Like if you hold me without hurting me,
you'll be the first who ever did."
Lana Del Rey, Cinnamon Girl.


Sono passati cinque giorni da quando Noah è finito in ospedale, e ultimamente stiamo parlando al telefono più spesso. Ha molto di cui lamentarsi: dal fatto che suo fratello Juan continua a rifilargli minestre composte da più brodo che pasta, alle battute sardoniche su come Theo gli scrive ogni mattina con una scusa diversa, pur di distogliere l'attenzione dal fatto che si sta preoccupando per la salute di Noah: sia mentale che fisica.

Penso sia una situazione attuale e non si espanderà oltre i due mesi di fisioterapia che Noah deve attraversare, ma Theo gli starà accanto come una spina nel fianco. Non lo ammetterà mai, ma si è preoccupato che qualcosa di terribile potesse succedere.

Theo è sempre incline alla tragedia, al negativismo che dipinge i muri di grigio, e ho la netta sensazione che quella sera si fosse auto convinto che Noah sarebbe morto. L'ho visto nei suoi occhi, nella sua reazione. Da quanto non gli prendeva un attacco di panico in pubblico? Almeno un anno.

Le vacanze di natale sono iniziate in maniera decisamente spaventosa, e stavano proseguendo seguendo una linearità tranquilla. Ma ovviamente la monotonia viene spezzata sempre da qualcosa, e nel mio caso avrei preferito non trovarla sotto forma di tre biglietti aerei sul tavolo della cucina.

Li impugno stringendo la carta, sicuro che questa sia solo una delle tante copie stampate, e mi avvicino a mia mamma, impegnata a sistemare delle scartoffie burocratiche. «Che cosa sono questi?» glieli sventolo davanti al viso, offeso.

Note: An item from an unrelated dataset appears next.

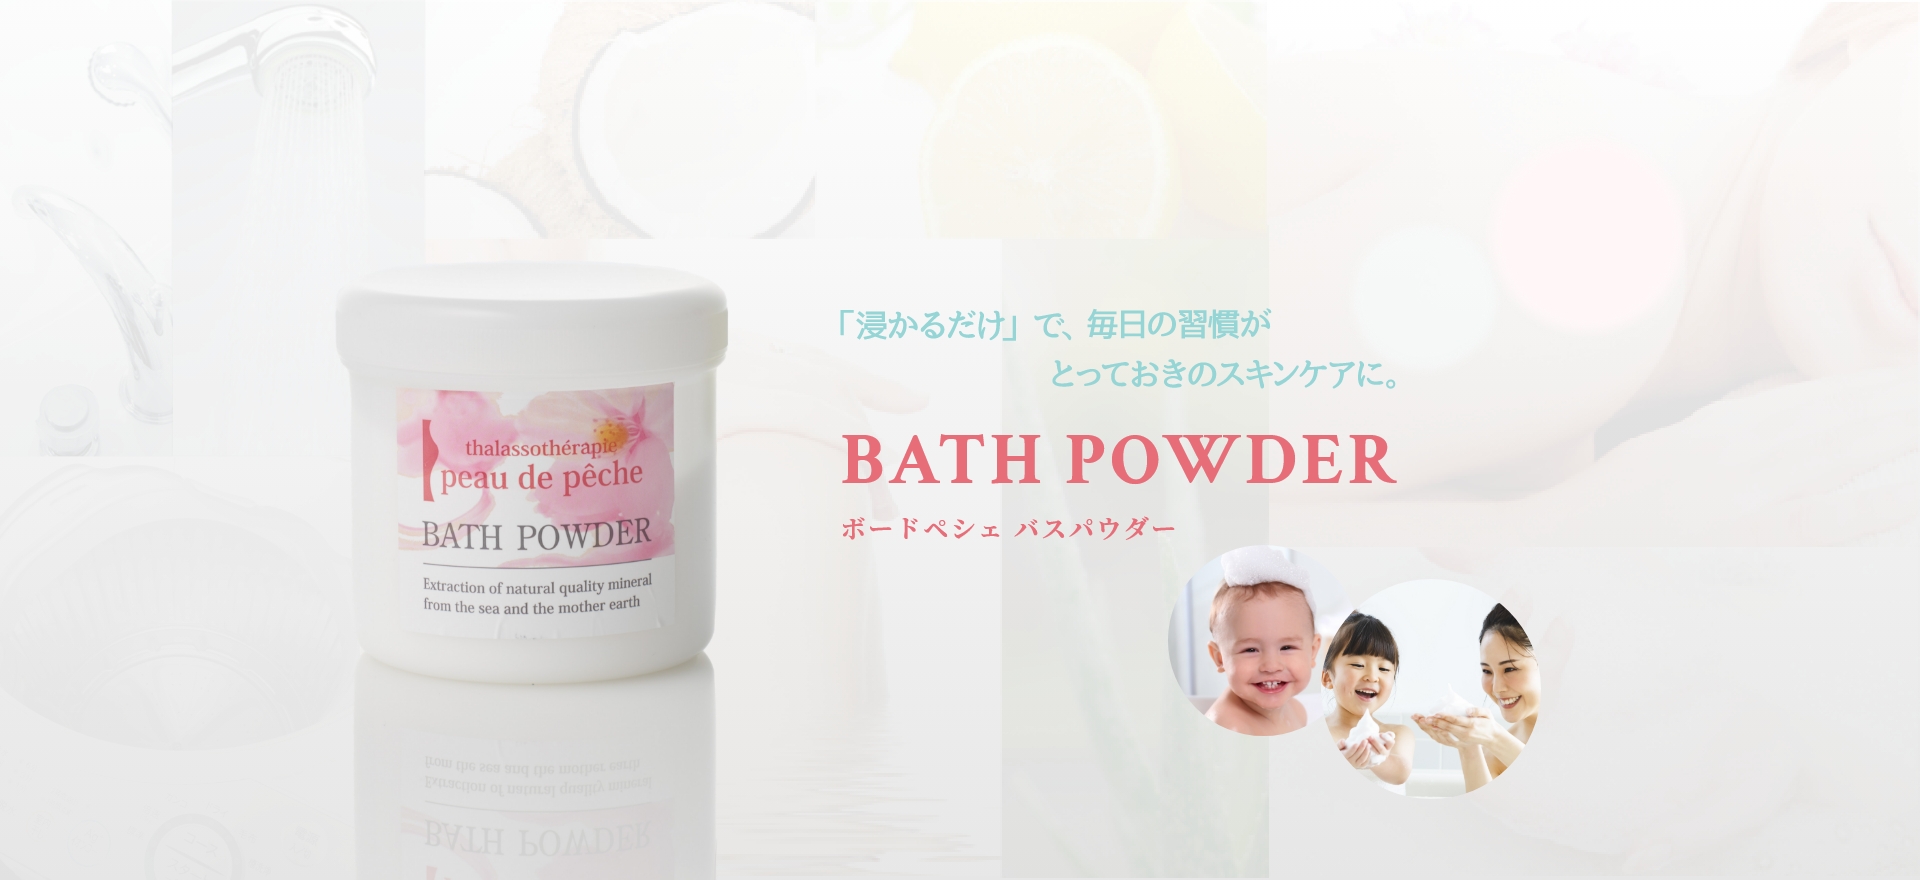 bath powder

Lei lancia un'occhiata rapida verso i biglietti. «Fai la valigia, partiamo domani mattina.»
«Questo lo vedo,» digrigno i denti. Tra il non considerarmi durante l'infanzia e trattarmi come un'idiota adesso, non so quale delle due sorti preferisco. «Ma nessuno mi ha avvisato.»
«Partiamo ogni natale, Manuel,» mia mamma cerca di liquidarmi. «Togliti l'espressione da ebete e sistema i vestiti nelle valige.»

Courmayeur.
Un'ennesima meta scelta solo con l'interesse di incontrare gente d'affari e professare la loro notorietà, perché anche in vacanza ogni azione ricade sul ruolo che l'azienda riveste nella nostra famiglia. Ci siamo stati tre volte; l'ho odiato. La verità è che non sono una persona che riesce a sopportare il freddo, specialmente quando mi viene imposto di scivolare giù da una collina innevata con la consapevolezza che finirò con la faccia nel ghiaccio.

Per di più, sarò 791,9 chilometri lontano da Andrèj.
È una cazzo di tortura, non mi piace per niente.

Sforzandomi di calmarmi, cerco di avere una conversazione civile con mia mamma. È più facile con lei, per qualche motivo certe volte sembra anche disposta ad ascoltare al posto di impartire ordini indiscutibili. Mio papà considera solo le proprie ideologie, non si lascia abbindolare da nessuno.
Al contrario, mia mamma attende prima di declinare una proposta, e anche se spesso finge di ascoltarmi, avendo già un'idea concretizzata, almeno mi illude benevolmente.